Bharath Ramsundar: [00:35:23] That’s a really, really good question. I don’t know for sure at all. I think this is such a complicated question that all of these could come about. I suspect that if you look at say web development as an example. So I think that in one way, the number of web developers has skyrocketed. People use Squarespace or similar tools all over the world to make new websites. And you could argue you are a web developer if you’ve built a website on Squarespace. At the same time, the skilled web development market I think has gone in two directions. You have the very high end folks who are building these ultra sophisticated stacks. Yeah, of course they’re around. They are probably getting paid multiples of what they were getting paid before. But I think the city basic website together market has vanished. And it’s so easy with no code or do it yourself tools now that as a new entrepreneur together Deep Forest Sciences basic website on Squarespace and we have a new website that we’re actually building as a custom app. But the Squarespace is good enough for us for getting something up. Similarly, I think for a lot of development applications, we’ll see a similar bifurcation.
Bharath Ramsundar: [00:36:35] I think the current market will be automated out. You’ll have the up skills market where, yeah, it’s going to be very, very lucrative. In one sense, the number of AI developers I think is going to just dramatically increase. But if in the future you say, Hey Siri, can you put together a basic website for me and Siri does it, are you an AI developer? Yeah, in some sense you are. You’ve figured out how to interface with an AI and make it do useful things for you.
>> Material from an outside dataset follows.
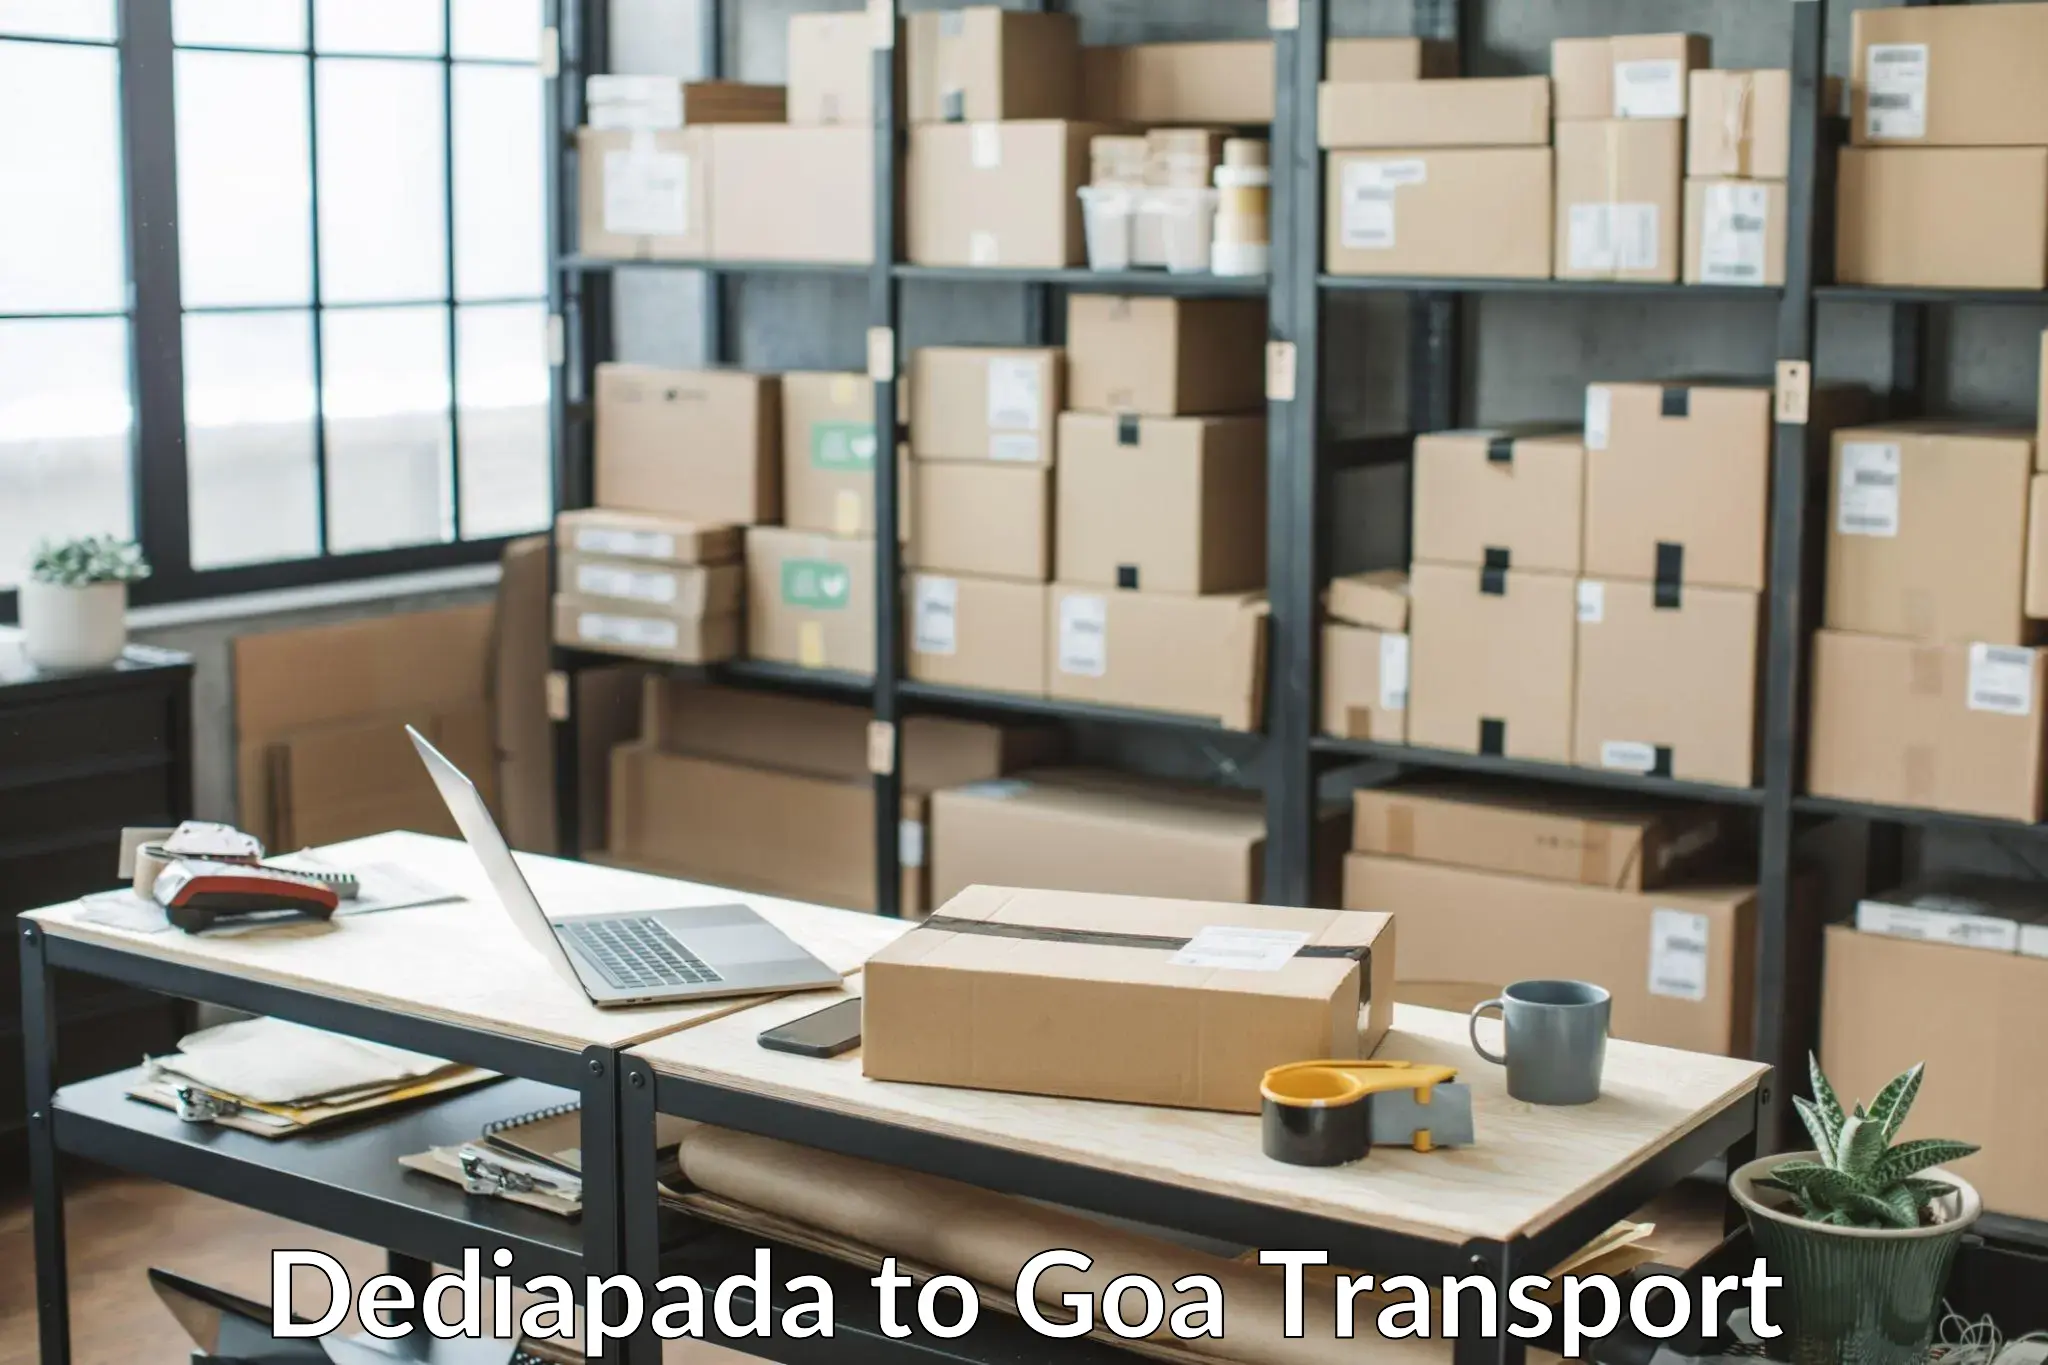 Container transport service Dediapada to South Goa

But that market of the person who would do that right now, either they’ve turned into the Siri developer themselves so to speak, and they’ve upskilled themselves in another option. They’ve decided let’s just use my skills to build out a business, which I think a lot of technical folks increasingly do. I can see both these, but again I should put an asterisk on on these claims in that. I only have one limited view into this very, very broad ecosystem. So I am as ignorant as anyone in terms of who knows what all the dynamics that are happening. It’s such a complicated industry. There are so many things going on, so we’ll have to wait and see.
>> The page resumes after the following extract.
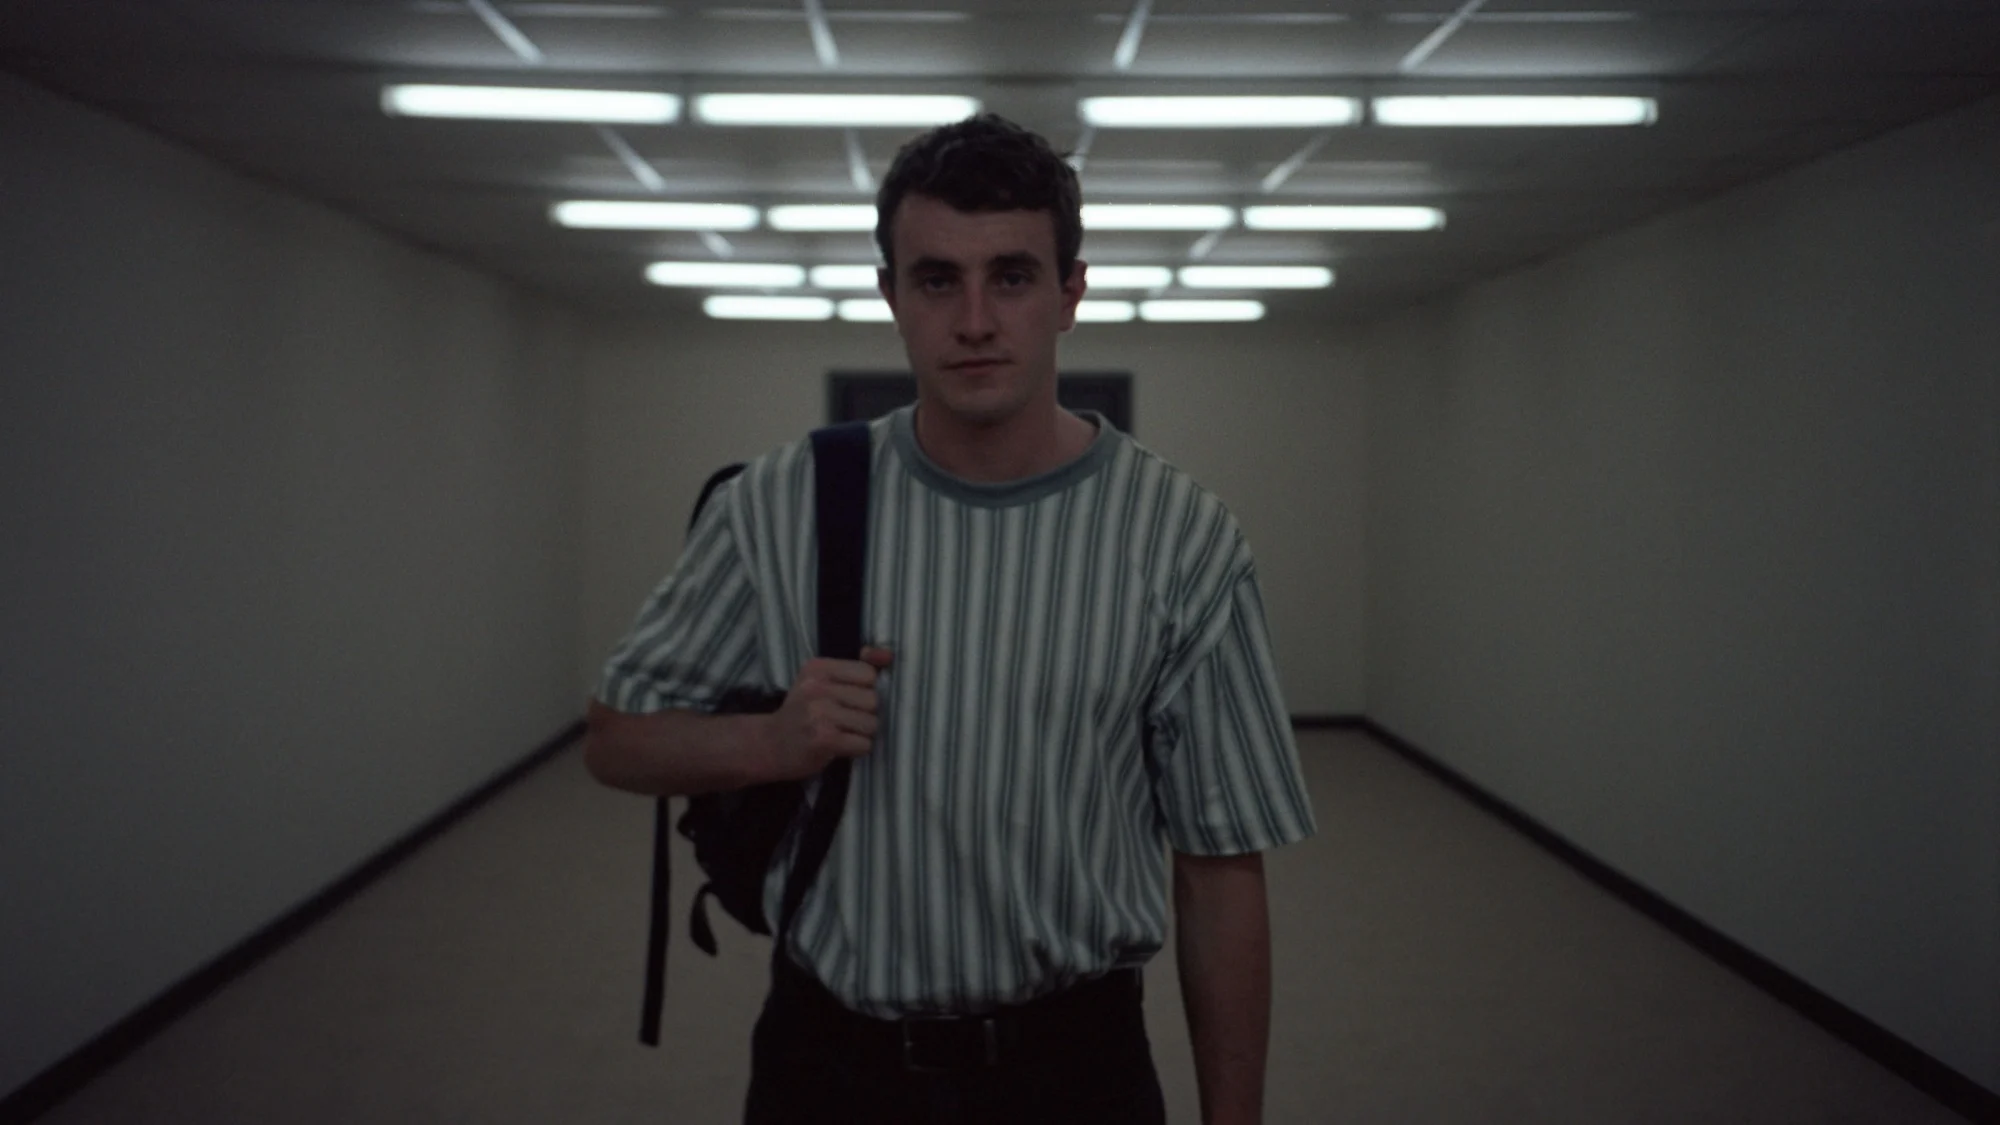 Cena do filme Aftersun, mostra o pai sozinho em um corredor vazio, segurando uma alça da mochila no ombro e olhando para a câmera.

Grant Belgard: [00:37:37] I think it’ll be a really interesting decade.
Bharath Ramsundar: [00:37:39] Yeah, computer science, I think it’s one of these fields just reinvents itself like all the time. So I think that this is probably a very natural part of the process that’s been going on since the 50s.
Grant Belgard: [00:37:48] Thank you so much for joining us. It has been fun.
Bharath Ramsundar: [00:37:48] Thank you for having me on.